As it turns out, you don’t really need to generate these massive lists to select from, and there are good reasons not to as I’ll show in the next section. In practice, just selecting two random initials for first name and last name is usually sufficient. Use the randomization skill to choose two letters from a curated letter bag, then tell the LLM to make a name from those initials. You can also exclude or weight certain letter probabilities by adding more of them to the list.
Example of a Biased Selection Set
[a,b,b,b,c,d,d,f,f,g,g,g,h,h,h,k,k,l,l,l,l,m,m,m,m,m,m,n,n,n,n,n,p,p,p,r,r,s,s,s,s,s,s,s,t,t,t,t,w,w]
Use /randomInt 0 50 to choose a random letter at that index.
Composable Randomness
Now we have a strategy: use the combinatorial power we get from randomizing smaller parts to create a much broader pool of possibilities such that our random selection from that pool will be functionally stochastic.
This can help us reframe the problem: how can we add parameters to the problem to compound the possibilities and give us greater variation?
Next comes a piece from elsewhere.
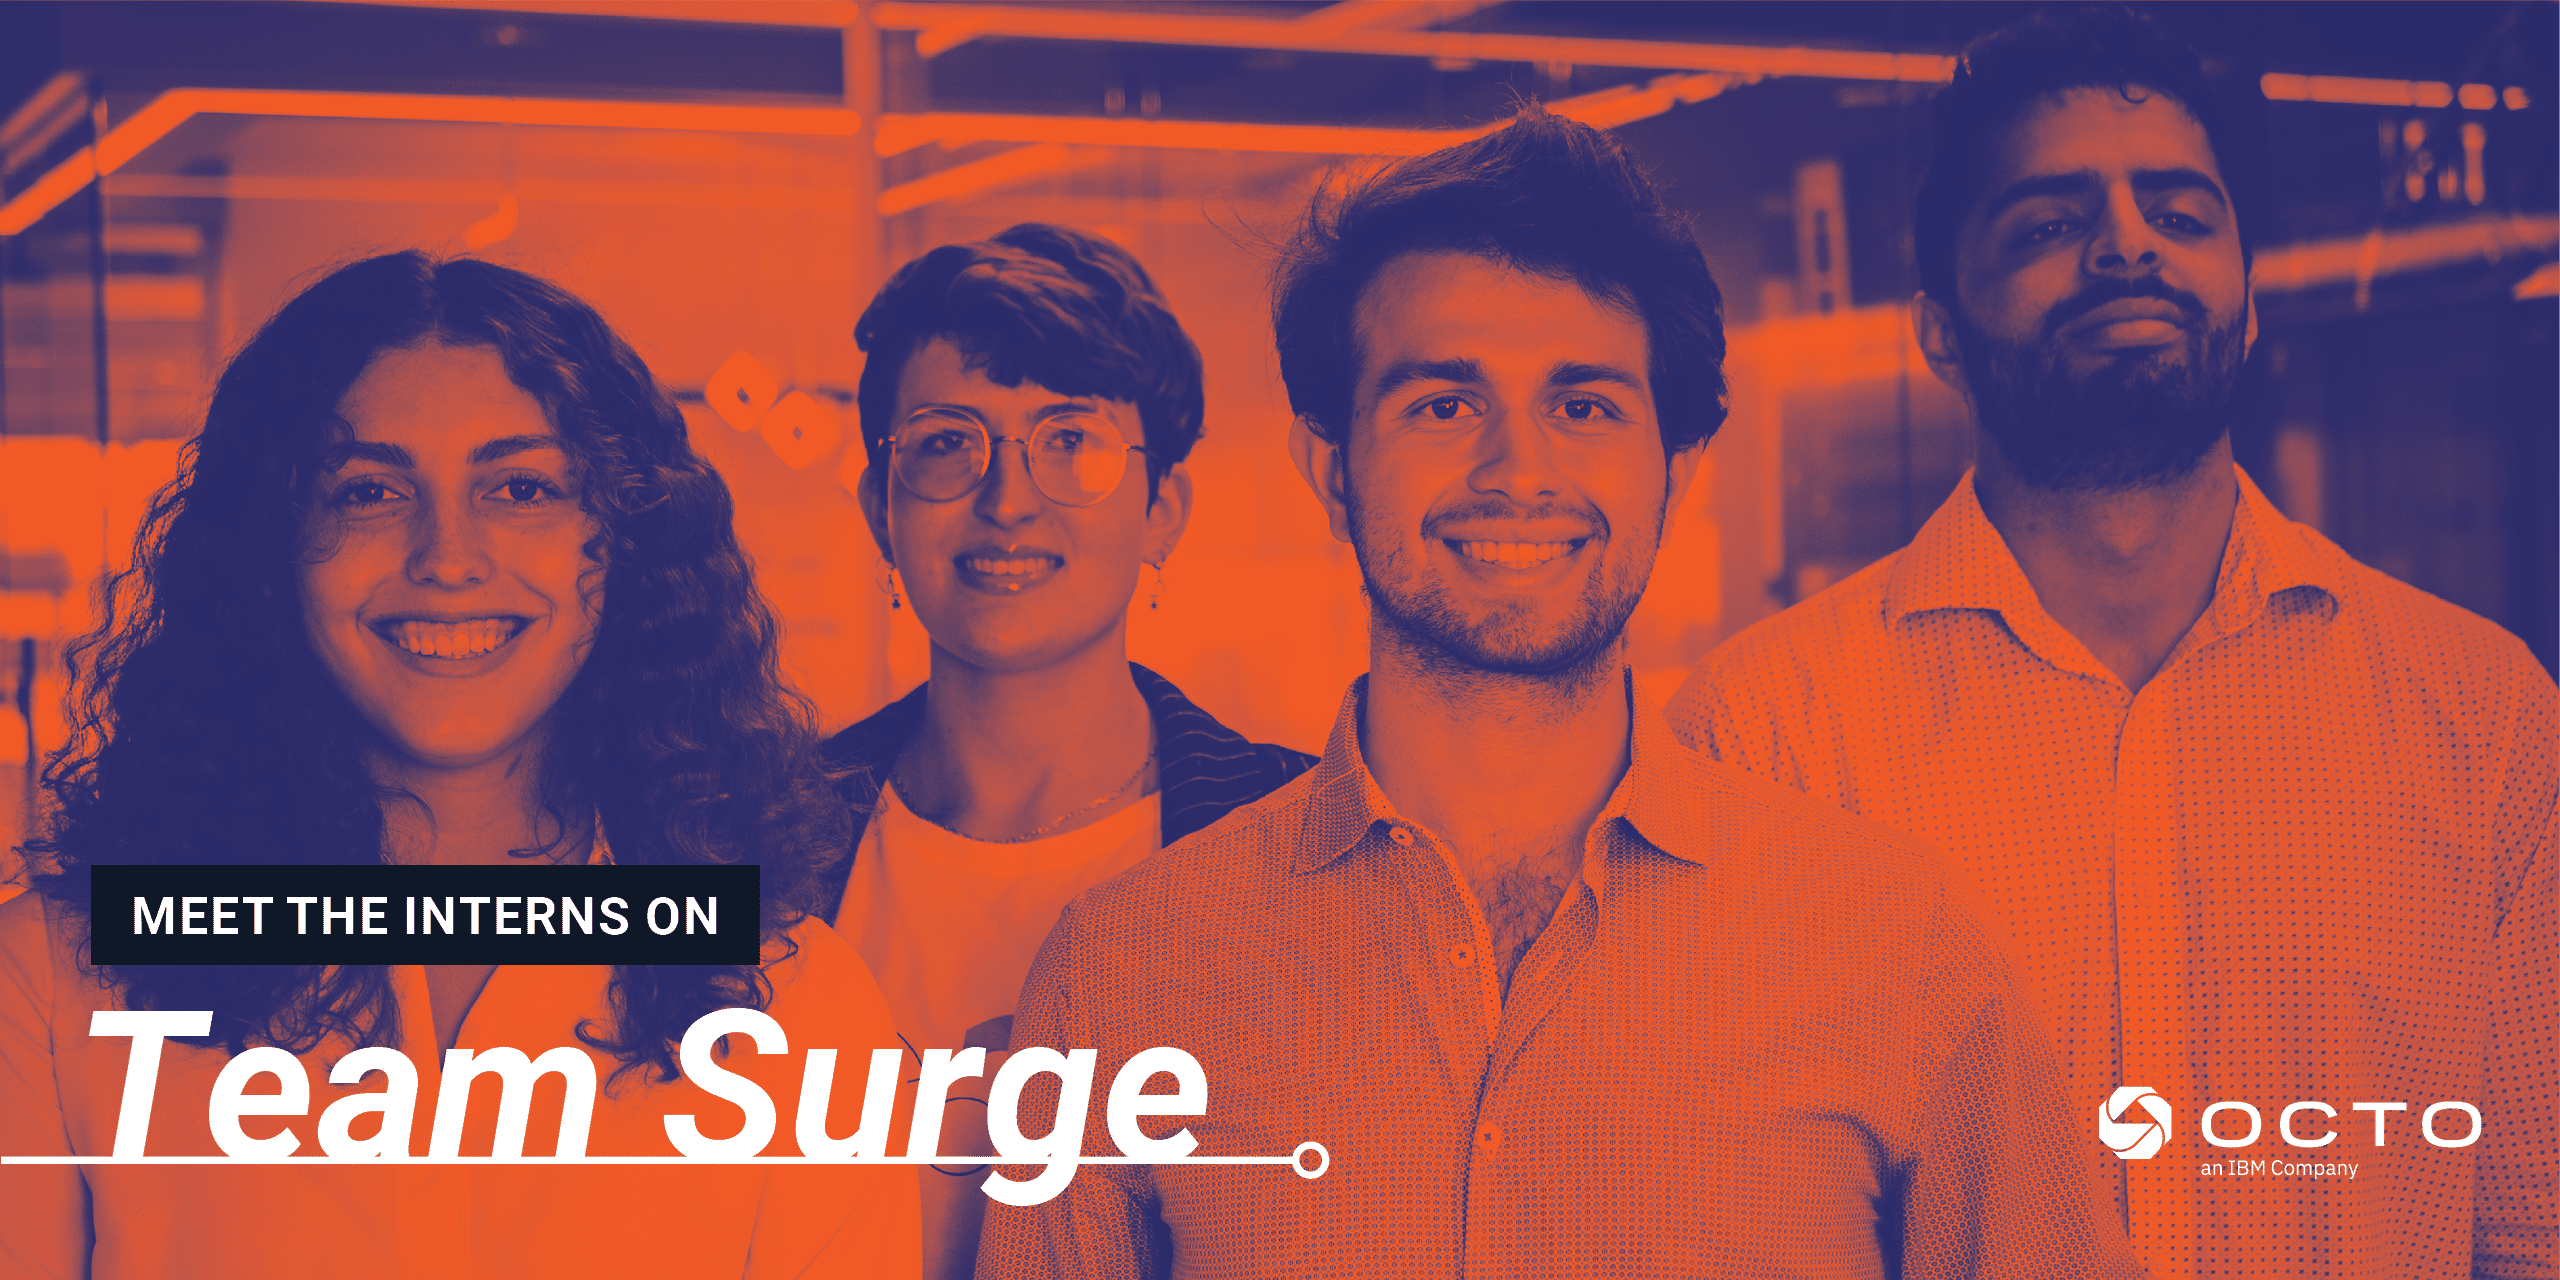 Meet the interns on Team Surge

In other words, how we compose the question determines how random our outcome will be.
Using our name example:
If our letterbag gives us 16 distinct letters, we’ll choose one for first and one for last. Say that the LLM’s randomness will get us four distinct possibilities per letter, so if we just ask for a name that starts with D, for example, it generally comes up with one of four D names. That means we have 64 first names and 64 last names, or about 4,096 unique names. That’s great. (Also, it’s probably more than four distinct names for each initial, but for the sake of a conservative estimate, we’ll go with it).
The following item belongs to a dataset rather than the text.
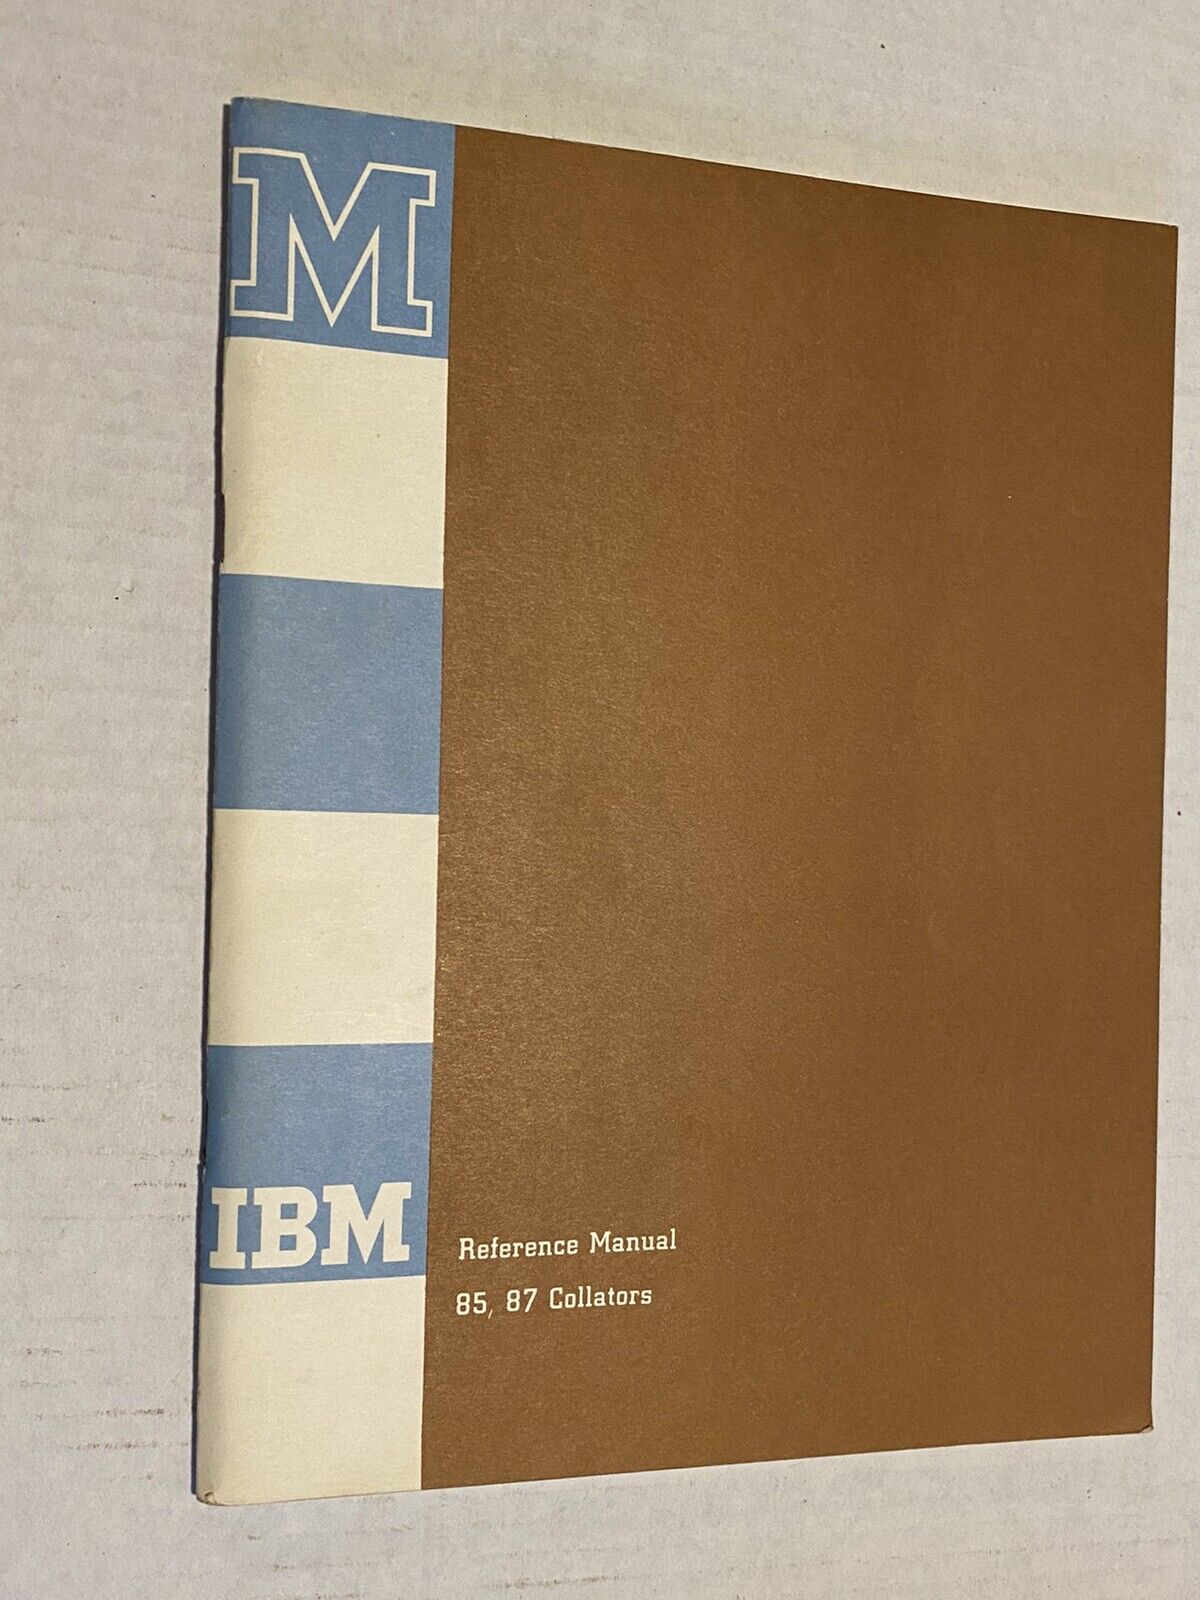 Vintage IBM Reference Manual 85, 87 Collators May 1960

But we can compound that by adding more variables. For example, we could create a list of nationalities and ask for a name from that nationality. Say we add 32 nationalities that we’ll randomly choose from. Now, we’ll ask for something like “Give me an Italian name with the initials R.M.” What does that do to our possibility pool?
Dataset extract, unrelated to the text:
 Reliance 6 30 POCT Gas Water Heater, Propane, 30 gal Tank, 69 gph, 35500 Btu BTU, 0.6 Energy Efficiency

16 letters * 32 nationalities * 4 LLM randomness = 2048 for each letter. 2048 * 2048 combinations = 4,194,304 unique names.
All we did was add a single additional field. In practice, this pool would likely be larger, but I feel pretty confident we’d have at least this many.
You can see why we wouldn’t necessarily want to pre-generate the first/last name lists. Every time we add a new parameter to the prompt, we’re increasing those lists by orders of magnitude. Maybe for a name example this wouldn’t seem like a lot, but imagine you want to add in age and gender. Pretty quickly, you’re maintaining lists of thousands of first and last names. The LLM does a good enough approximation if you give it a very specific request like, “Create a first and last name of a 67 year old Italian woman with the initials T.M.”
This might seem like a contrived example, but imagine you’re trying to generate personas for NPCs in a game or realistic vishing simulations where someone might encounter a lot of your characters and they would notice the repetition right away.
Variation is a measure of authenticity. With synthetic systems, the believability breaks because they become predictable. By using some of these multiplicative techniques, we can restrore the mirage of uniqueness.